Learning at the University of Delaware

U Duh has just withdrawn a training manual for student life assistants which included the following definitions(with these it is a wonder that they would have ever used this idiotic pap):

A RACIST: A racist is one who is both privileged and socialized on the basis of race by a white supremacist (racist) system. The term applies to all white people (i.e., people of European descent) living in the United States, regardless of class, gender, religion, culture, or sexuality. By this definition, people of color cannot be racists . . .

A NON-RACIST: A non-term. The term was created by whites to deny responsibility for systemic racism, to maintain an aura of innocence in the face of racial oppression, and to shift responsibility for that oppression from whites to people of color (called “blaming the victim”) . . .

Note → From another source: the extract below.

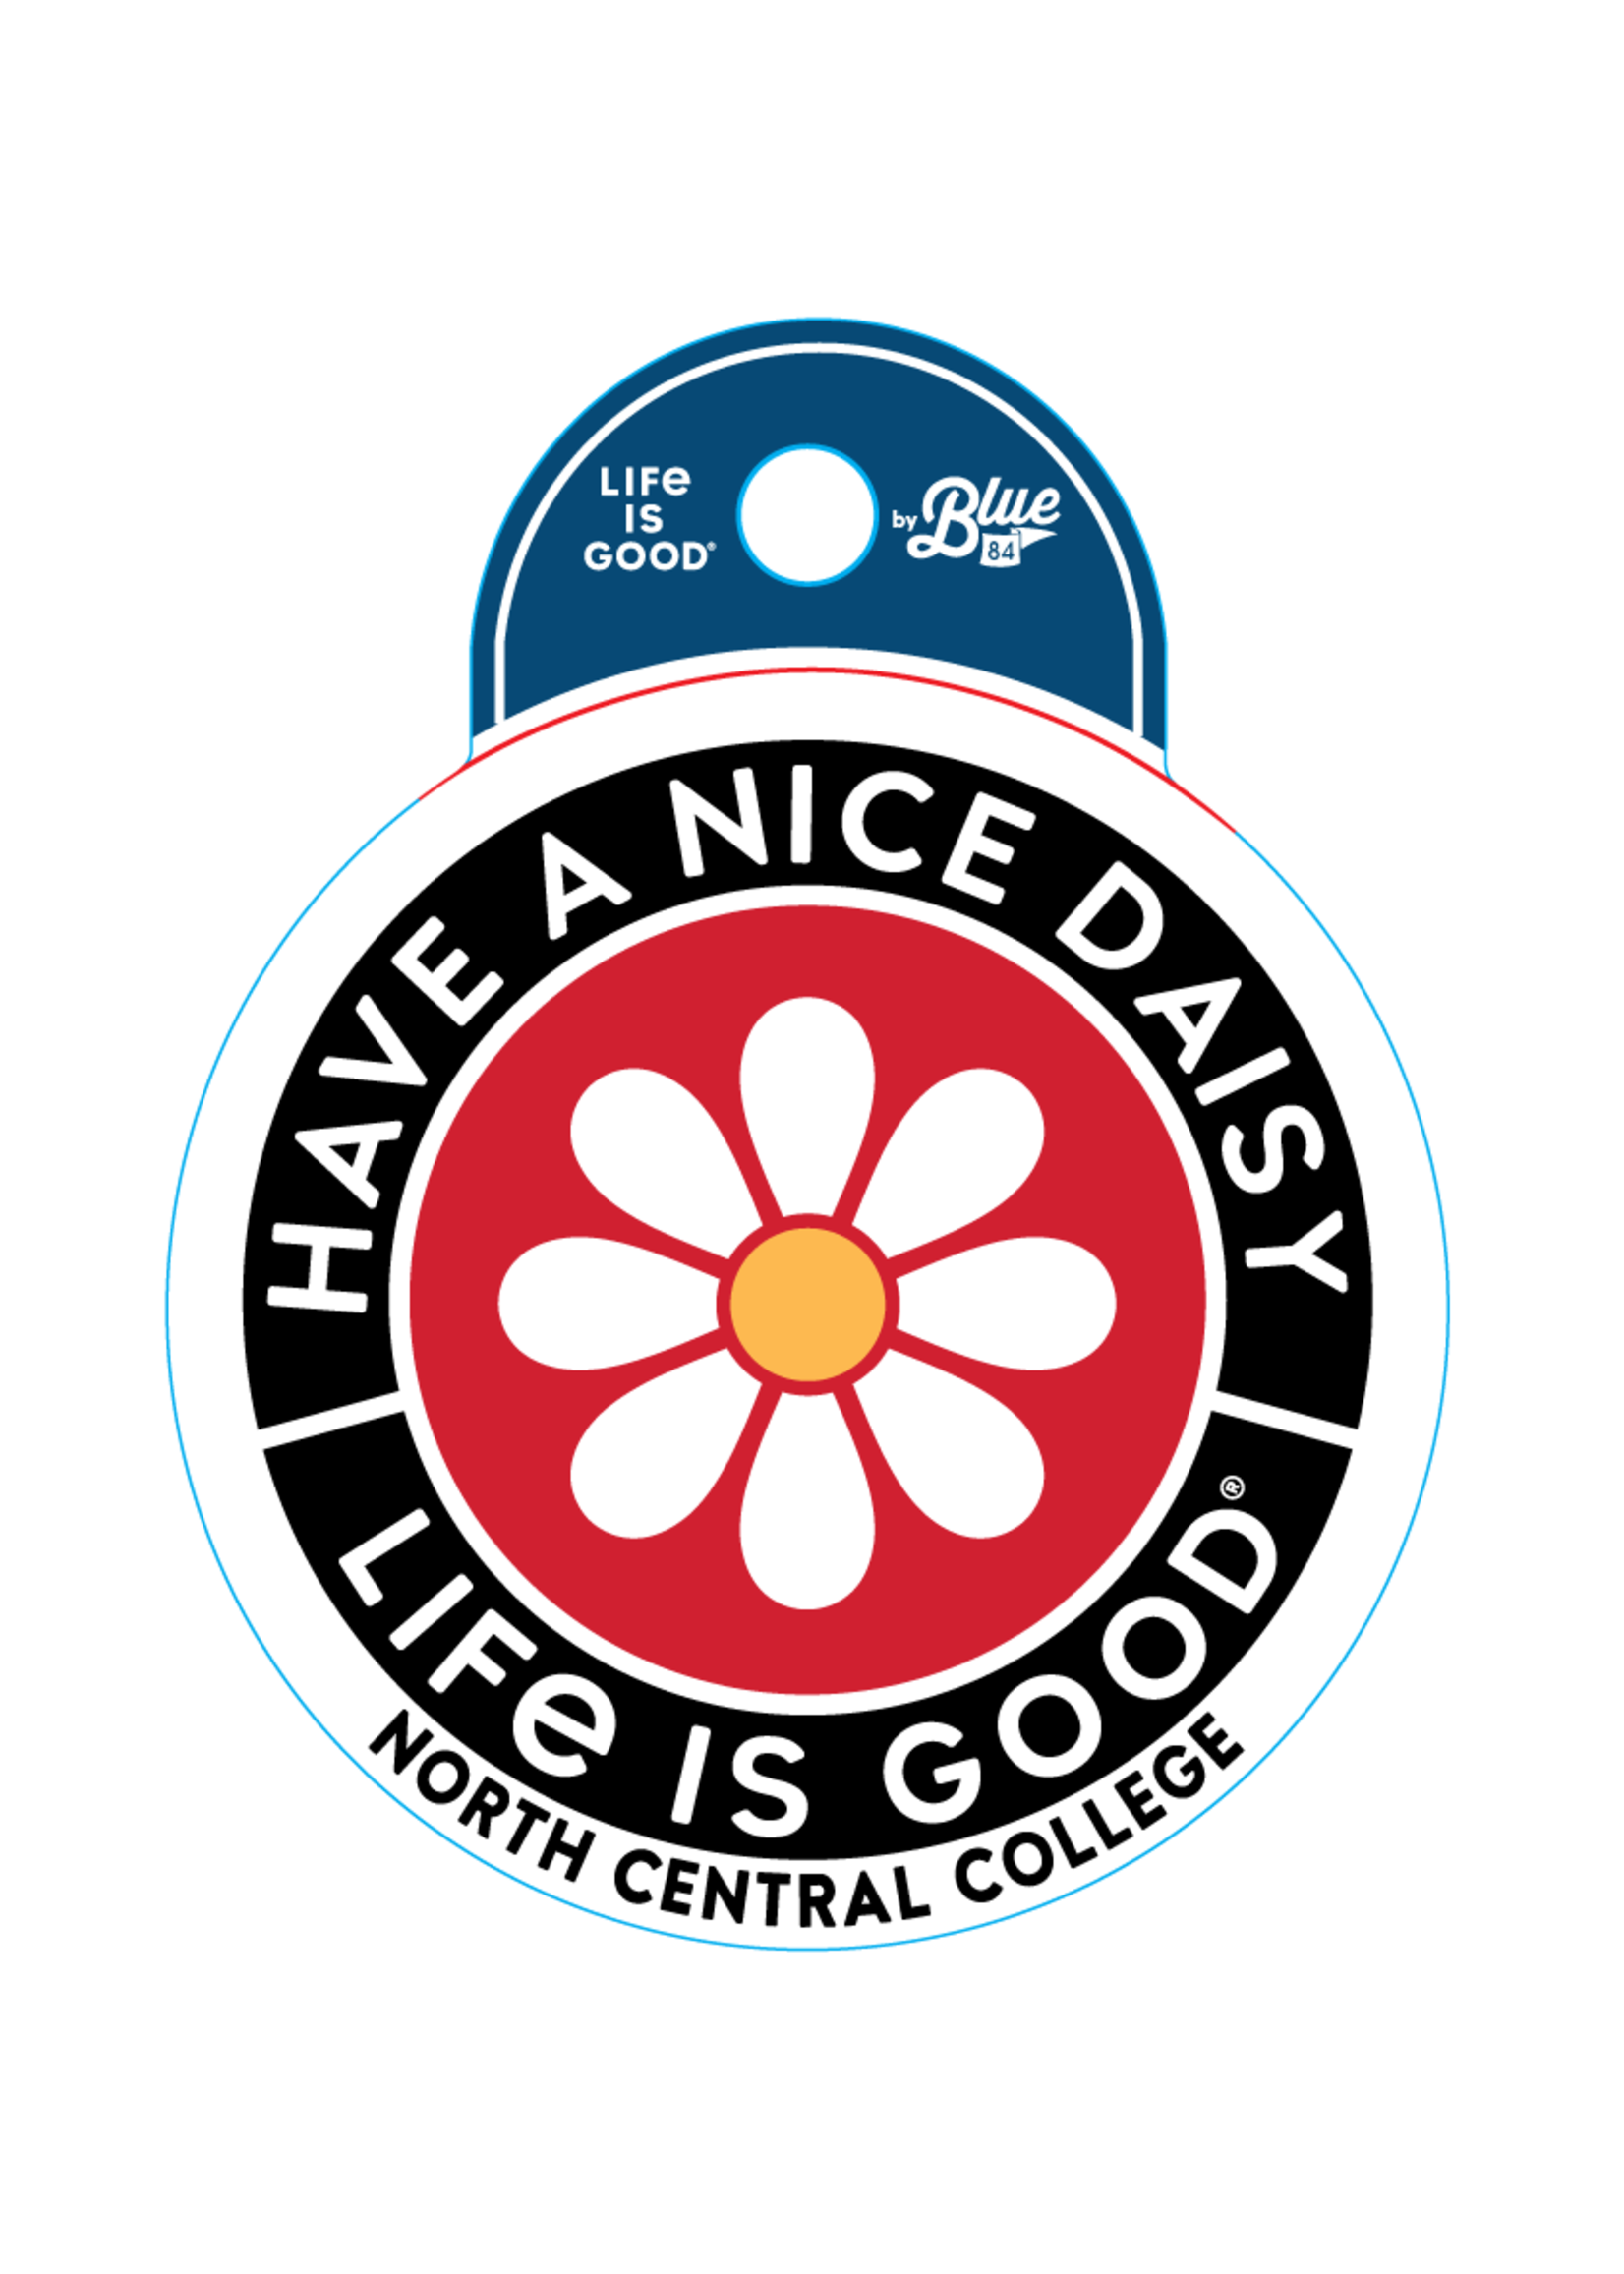 Blue 84 NCC Life is Good Daisy Sticker by Blue 84

This was based on an earlier manual 1995 defined Race as "a specious classification of human beings created by Europeans(Whites) which assigns human worth and social status using "white" as the model of humanity and the height of human achievement for the purpose of establishing privilege and power." Indeed, in the scientific literature there is a lot of discussion about what race actually means. But if the developer of this curriculum thinks it is a "specious classification" then presumably she would also argue that the provisions in the Federal Civil Rights Act are also specious. I doubt that would be the case.

The "curriculum" was developed by one Shakti Butler whose PhD is from Ph.D. the California Institute of Integral Studies San Francisco, CA ( School of Transformative Learning and Integral Studies) (and one wonders why California has such renown around the country). From her own website Dr. Butler is described thusly "Dr. Butler is the producer and director of the groundbreaking documentary, THE WAY HOME . The video serves as a model for dialogue that sets the context for constructive conversations on oppression through the lens of race. Her work moves conversations beyond black and white and speaks to the interconnectedness of racism, classism, sexism, and homophobia."

One wonders how Butler indoctrination. It might be like this: INDOCTRINATION: Only applicable when European ideas are being presented.